A single nucleotide polymorphism in the 3'-UTR of STAT3 regulates its expression and reduces risk of pancreatic cancer in a Chinese population

Abstract

Pancreatic cancer (PC) is one of the deadliest solid malignancies carrying a gloomy 5-year survival rate less than 5%. The signal transducer and activator of transcription 3 (STAT3) is a common transcriptional regulator, whose aberrant expression has been widely found in human cancers, including PC. Our current study aimed to illustrate the roles of common variants, in the three prime untranslated region (3'UTR) of STAT3, in modifying the risk of PC through two-stage case-control studies integrating biological experiments. We first explored the associations between two common variants (rs1053004 and rs1053005) and PC risk in 774 PC cases and 777 controls. Only rs1053004 T > C showed a significant association with a reduced risk of PC with an odds ratio (OR) and 95% confidence interval (CI) of 0.85 (0.74-0.98). Then we attempted to validate the association in another 940 cases and 1398 controls, and the significant association persisted with OR (95%CI) of 0.86 (0.76-0.97). Dual luciferase reporter gene assays indicated that C allele conferred a higher expression of STAT3 in three PC cell lines including Panc-1 (P = 3.0 × 10-3), BxPC-3 (P = 6.7 × 10-5) and SW1990 (P = 4.0 × 10-3). In conclusion, the current study provided evidence that rs1053004 T > C in 3'UTR of STAT3 may decrease the risk of PC through up-regulating the gene expression.
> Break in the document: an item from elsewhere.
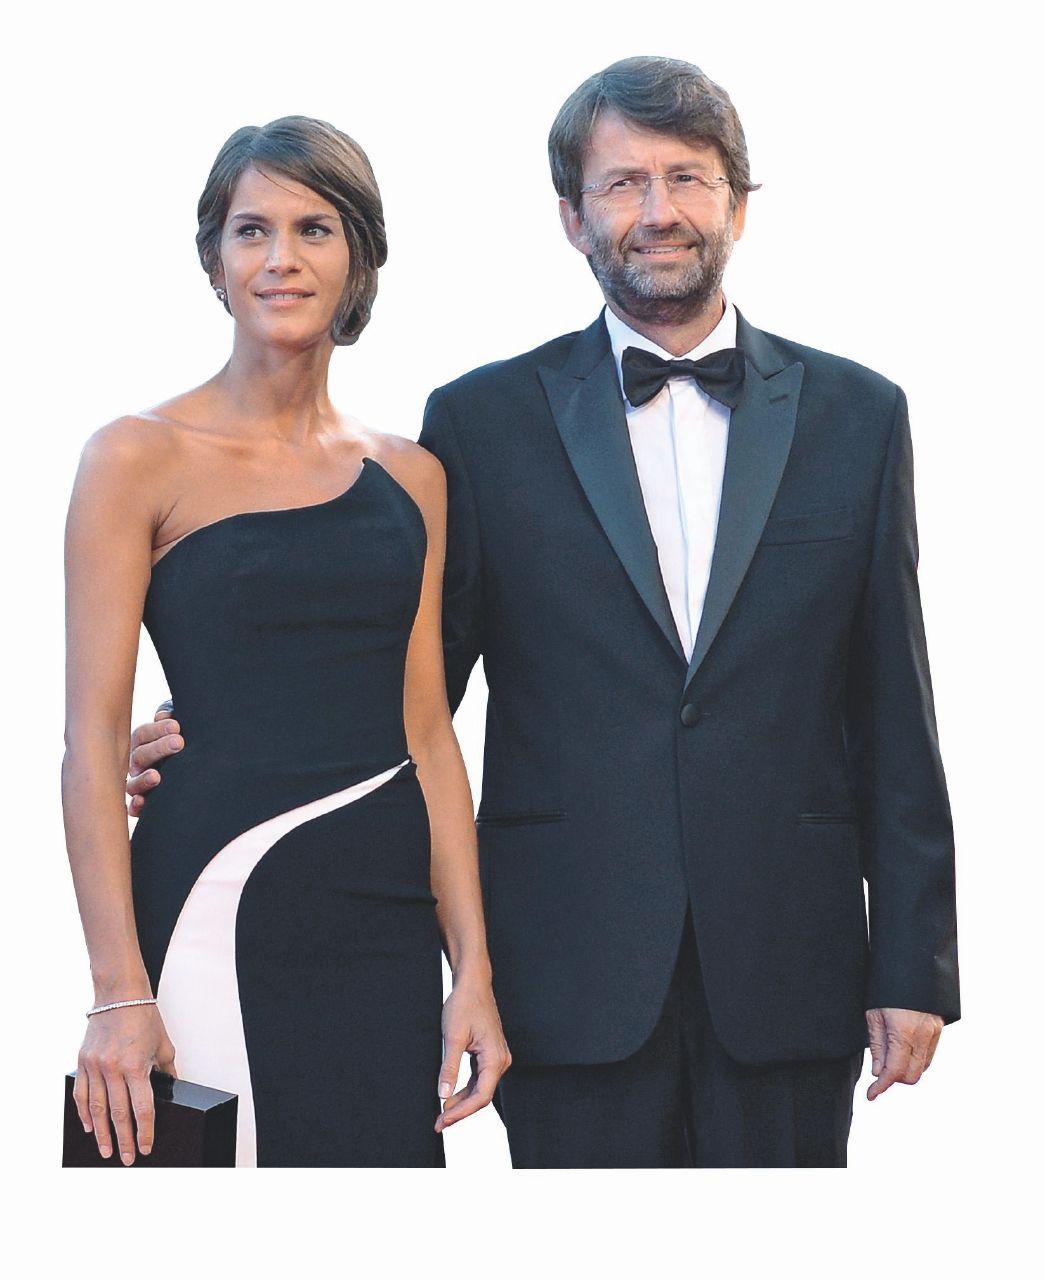 """Franceschini inventa il  finanziamento  """"ad mogliem"""": 40 milioni di euro"""

Keywords: STAT3; case-control study; genetic variants; pancreatic cancer; susceptibility.

Figure 1. Dual luciferase reporter gene assays: the effects of rs1053004 on gene expression

The figure showed that compared to the construct with rs1053004-T, the construct with rs1053004-C had significantly higher luciferase activity in three PC cell lines. Unpaired Student's t-test was used to evaluate the differences and p values less than 0.05 was considered significant with ** indicating p < 0.01 and **** indicating p < 0.001.